Scrambled Up

June 24th, 2006 | by Loretta |

After six hours of sleep, I woke up early to go with my mom to see my dad off at the airport. He has a last-minute trip to Seattle.

When we came home, I was hungry again and decided to make something for brunch. Yes. The beauty of weekends would have to be brunch– something a little heavier than the Cheerios I had for breakfast, but nothing heavier than lunch.

Since my weekdays routine consist of spending maybe 5 minutes in the kitchen to, somehow, make lunch to bring to work, breakfast to eat at home, and sometimes a small snack (just in case,) I never get to have eggs or oatmeal.
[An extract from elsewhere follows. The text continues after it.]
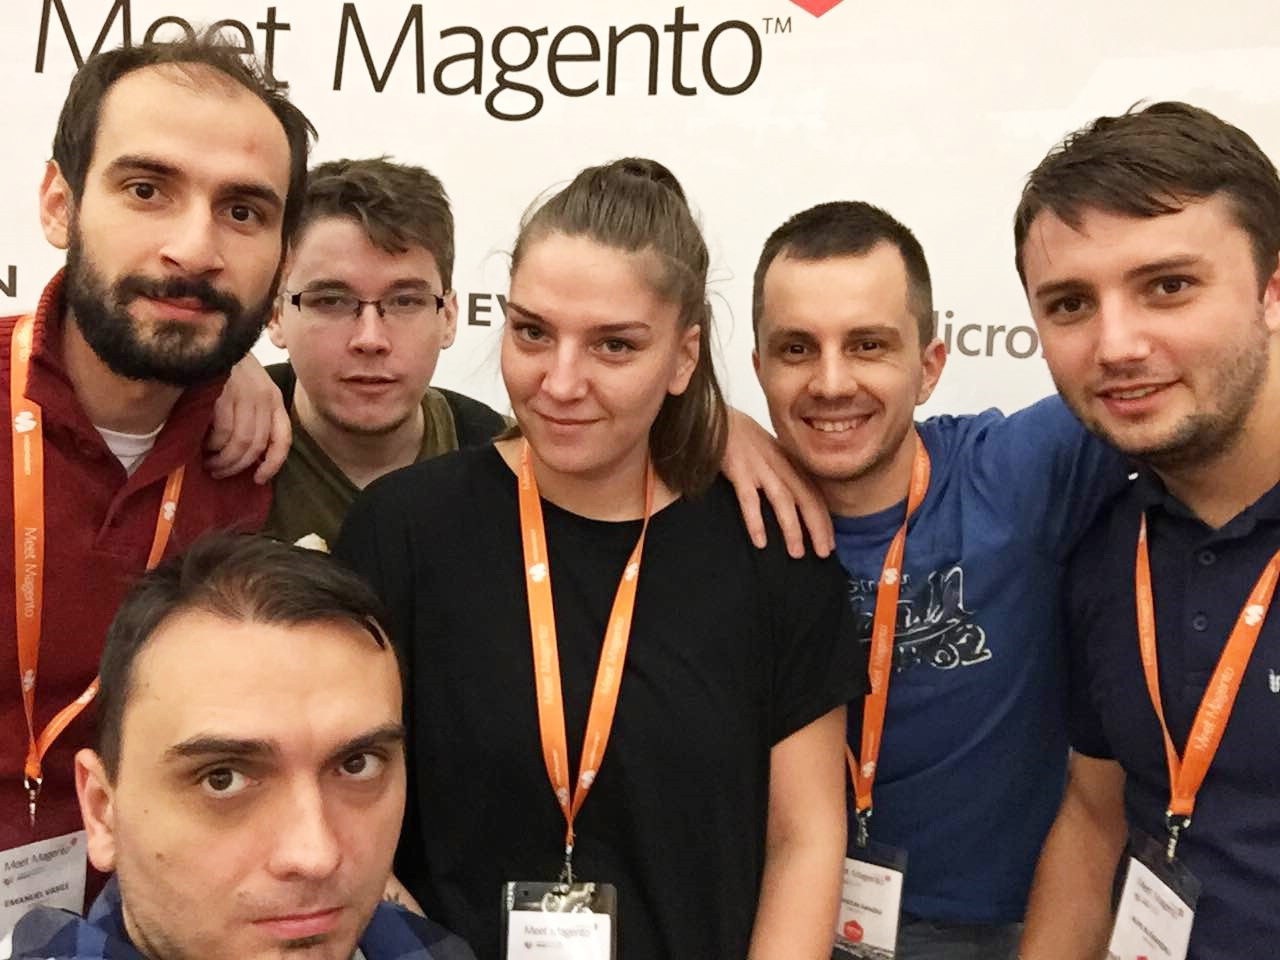 Innobyte at Meet Magento Romania

For one thing, it takes too much coordination (though lately, I’ve been able to sleepily slice avocado almost perfectly.) Then, there’s always the prep work, since I usually add something to my eggs.

Well, I decided to spoil myself a little bit today and had two eggs, scrambled, with a slice of ham, some avocado and half a piece of pita bread, toasted.

Yes, I have recently become a faithful fan of the avocado.

Eggs with ham and avocado

These were the softest scrambled eggs I have made in a long time…if ever. The trick is to have the heat hot enough to get the protein to denature, but not too hot so that it browns or too low so that it takes all morning to cook.

Really, I just got lucky. But hey, it’s a new idea.

Oh. I reccomend folding in the avocado at the very, very end. They really shouldn’t be cooked– a little warmth from the eggs will do.